Anyhow, none of that has anything to do with it, cause I had to take the Toronado down off the blocks anyway and haul buns out to Lubbock on this emergency rush job. They were showing a new art flick called “Human Animals” out there, and I could smell communist censorship before I even got halfway to Fort Worth. Somebody called up and told me the radio stations were refusing to play the “Human Animals” commercials because they sounded like a gang rape. So I tooled out there to police the mothers.
I’m kinda disgusted to report it, but what’s happened now is the guys in El Lay that own “Human Animals” have jerked it off the drive-in screens of America because of pressure from the national ugly people’s lobby, because the ugly people believe thet title includes them. Before I tell you exactly what we’re gonna do to put “Human Animals” back on the big outdoor screen where it belongs, let’s take a quick look at the beast itself. I’m talking plot.
The big nuke boys just got finished. Nothing’s on the planet except for three people: two guys and one bimbo. This is the movie that asked the question, “What would you do?”
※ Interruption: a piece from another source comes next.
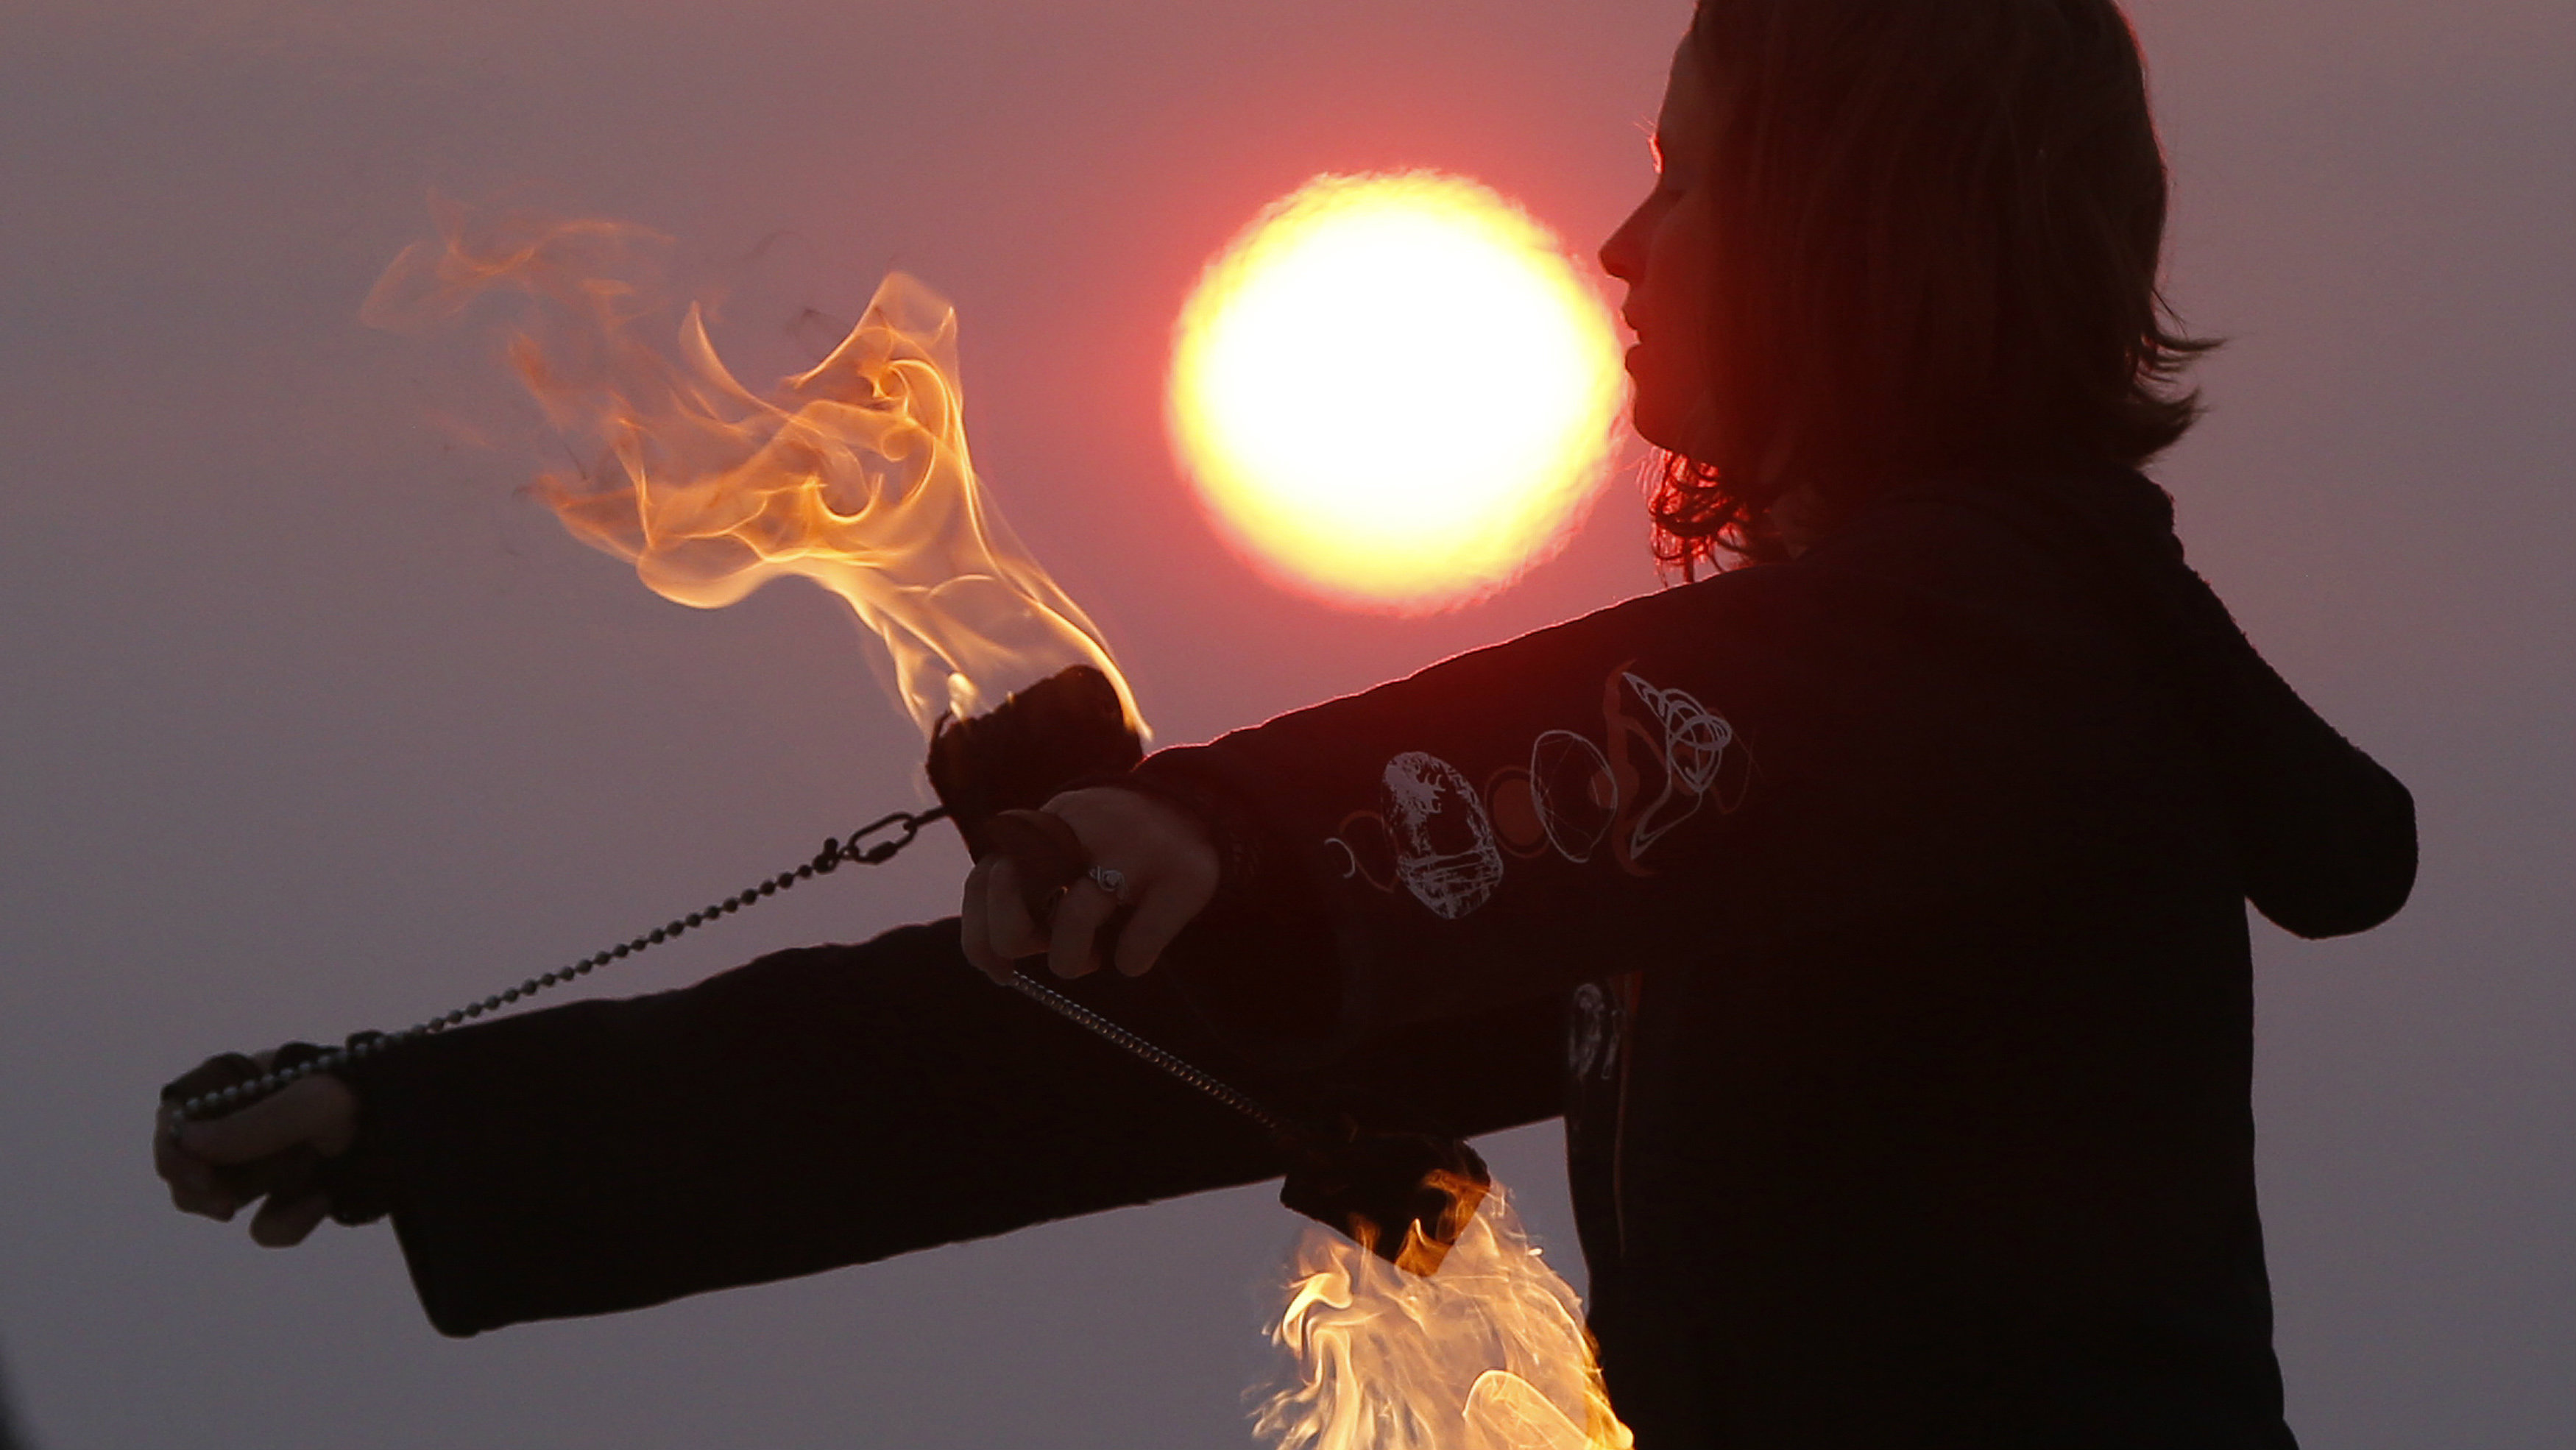 Fire thrower at Burning Man

They made this flick in Italy, so first thing you see is these three turkeys standing on the deserted beach in their tuxes and evening gowns and not saying anything and listening to the wind and watching the camera jump around and come up to two inches away from their faces. That’s how you know it’s Italian. In Italy, all the cameramen have bad eyesight so they make the actor’s pimples about nine feet high.
Here’s the best part of the whole movie: no talking.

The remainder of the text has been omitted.